**WHAT YOU ARE ASKED TO DO**:
From the line that holds "Pan di spagna" down to the last line of the listing below, reproduce each line exactly and nothing more, omitting pictures.

**COLLECTED DATA**:
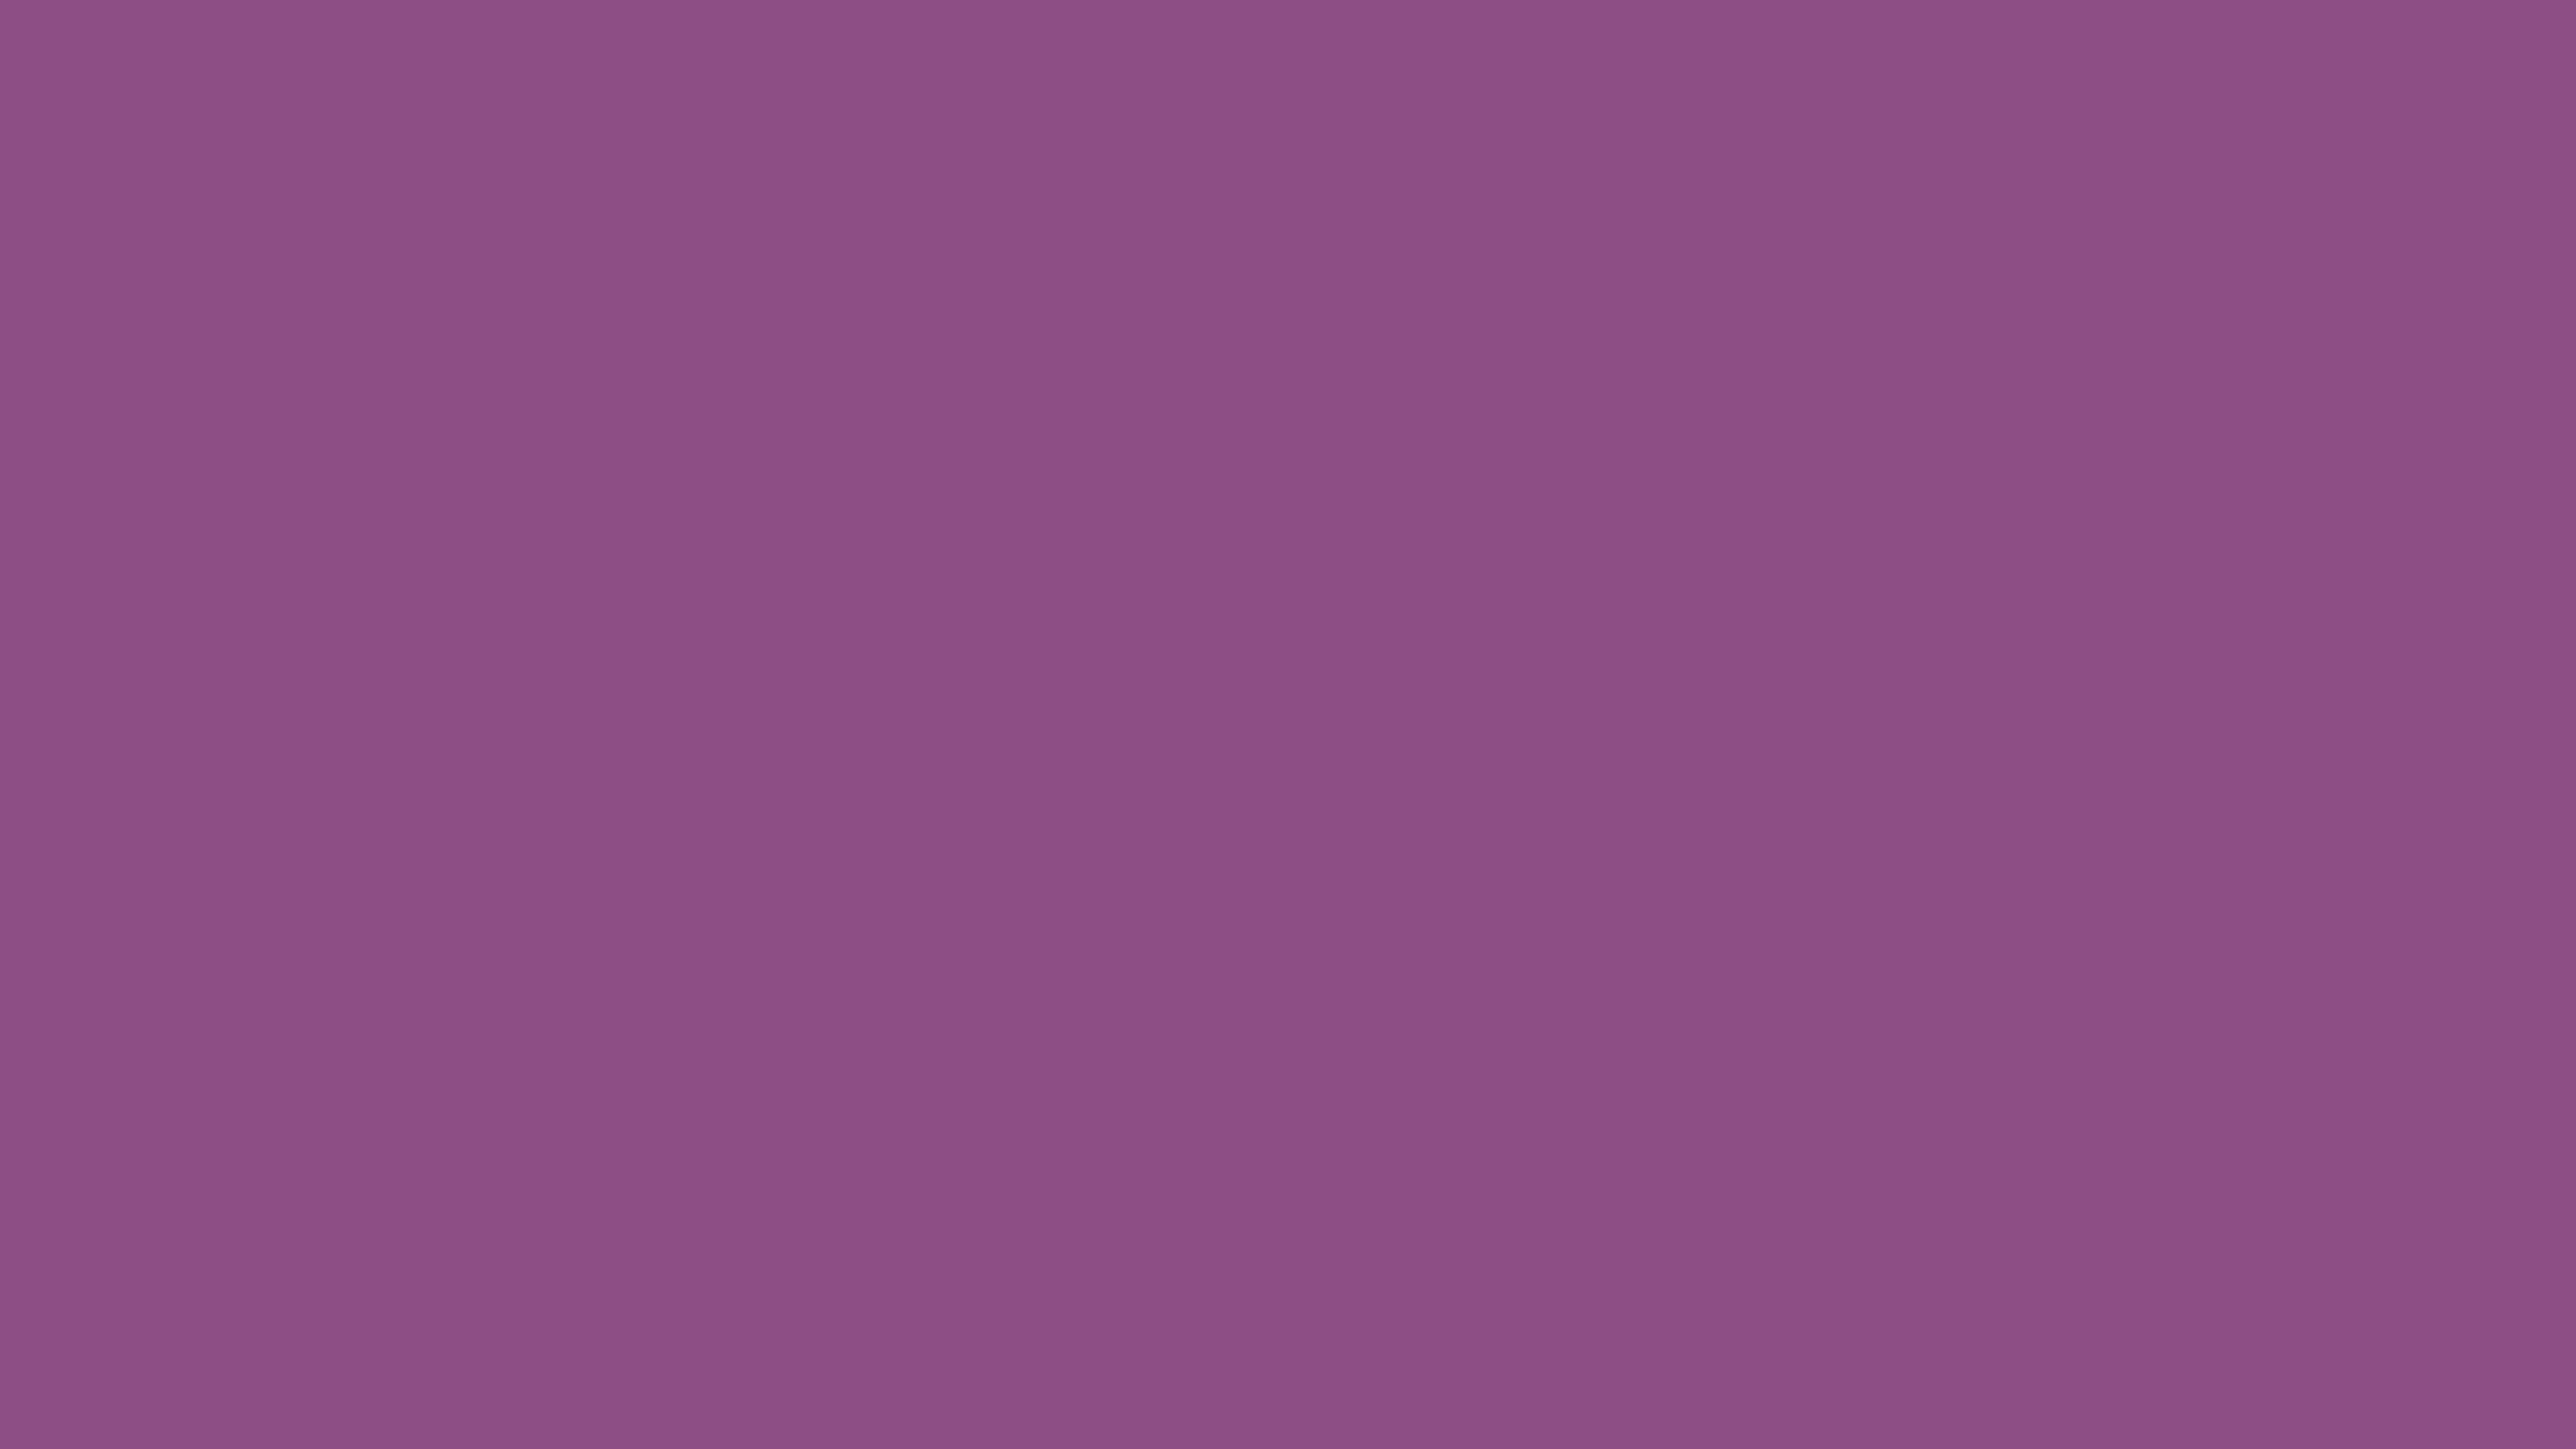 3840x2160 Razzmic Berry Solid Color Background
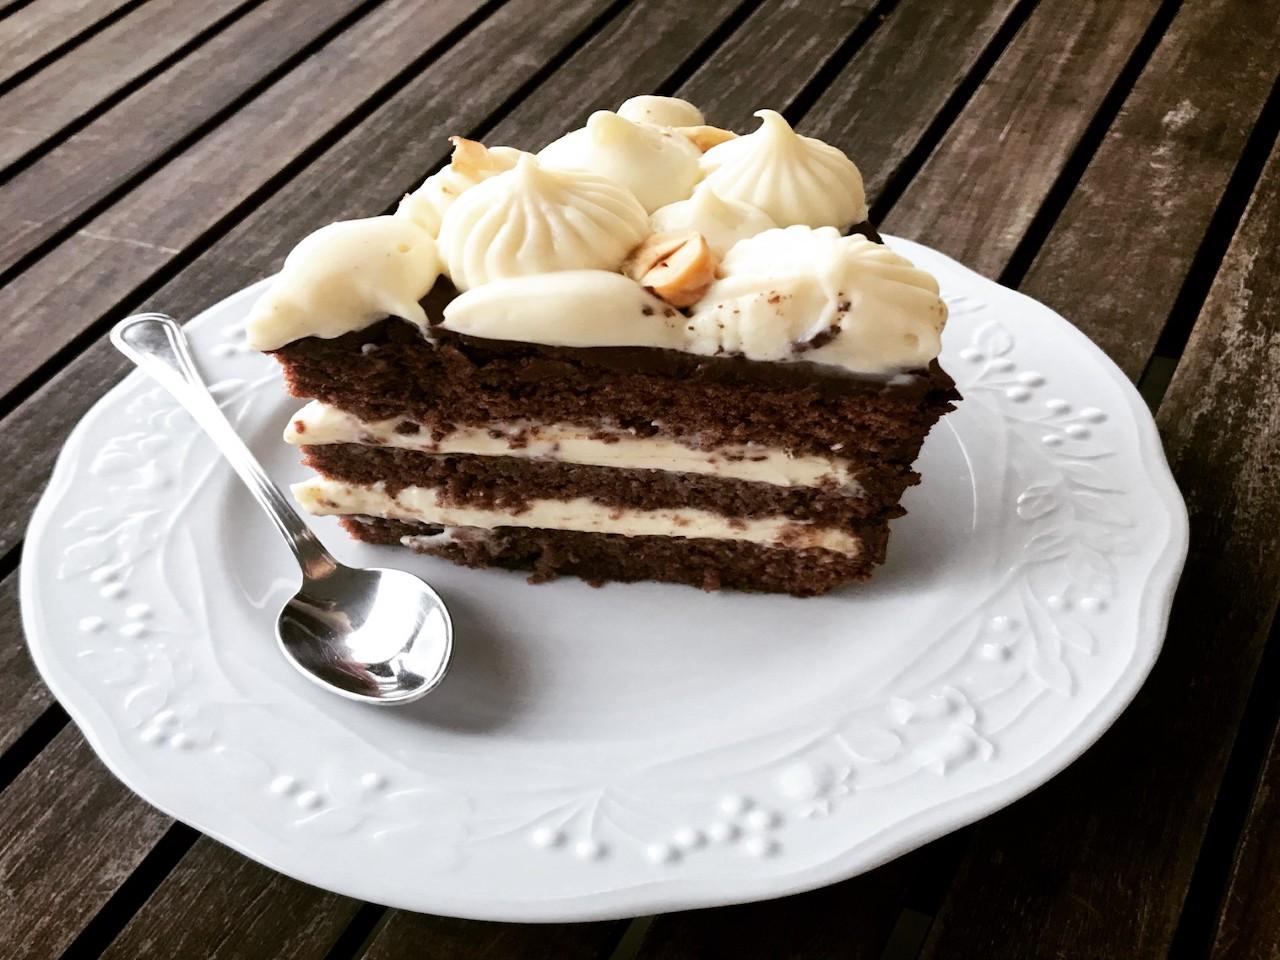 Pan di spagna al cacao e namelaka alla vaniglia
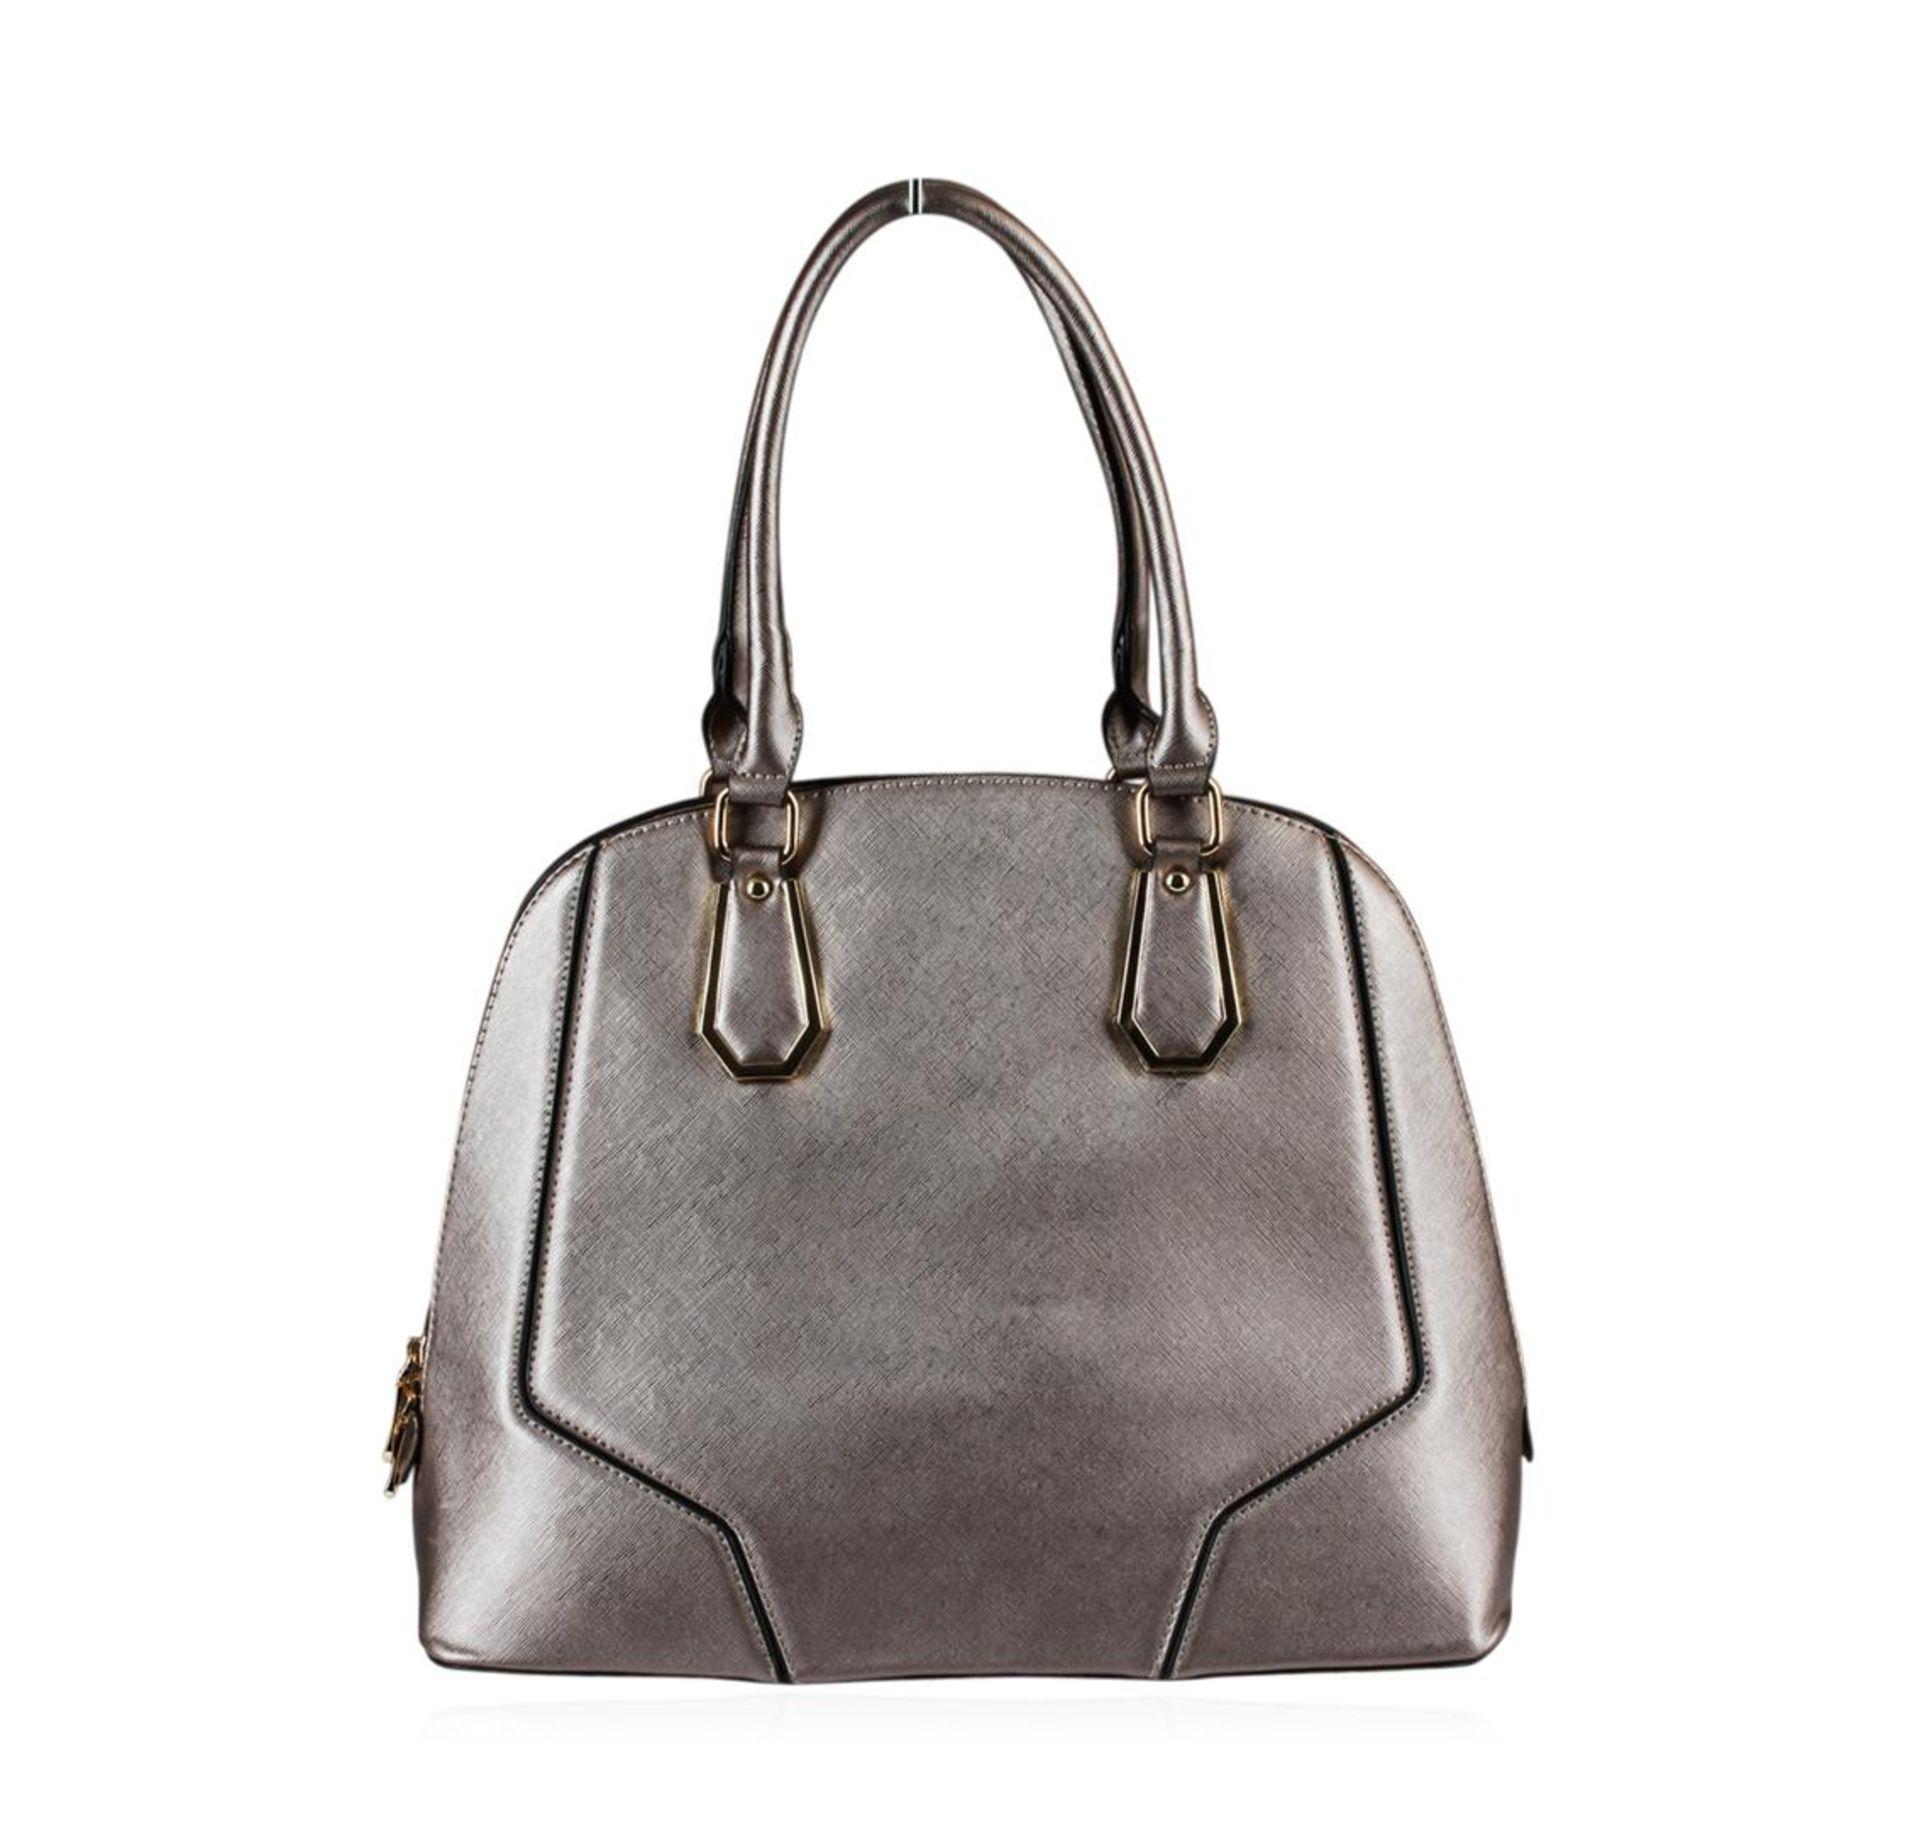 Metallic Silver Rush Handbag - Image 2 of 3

**FINISHED EXERCISE**:
 Pan di spagna al cacao e namelaka alla vaniglia
 Metallic Silver Rush Handbag - Image 2 of 3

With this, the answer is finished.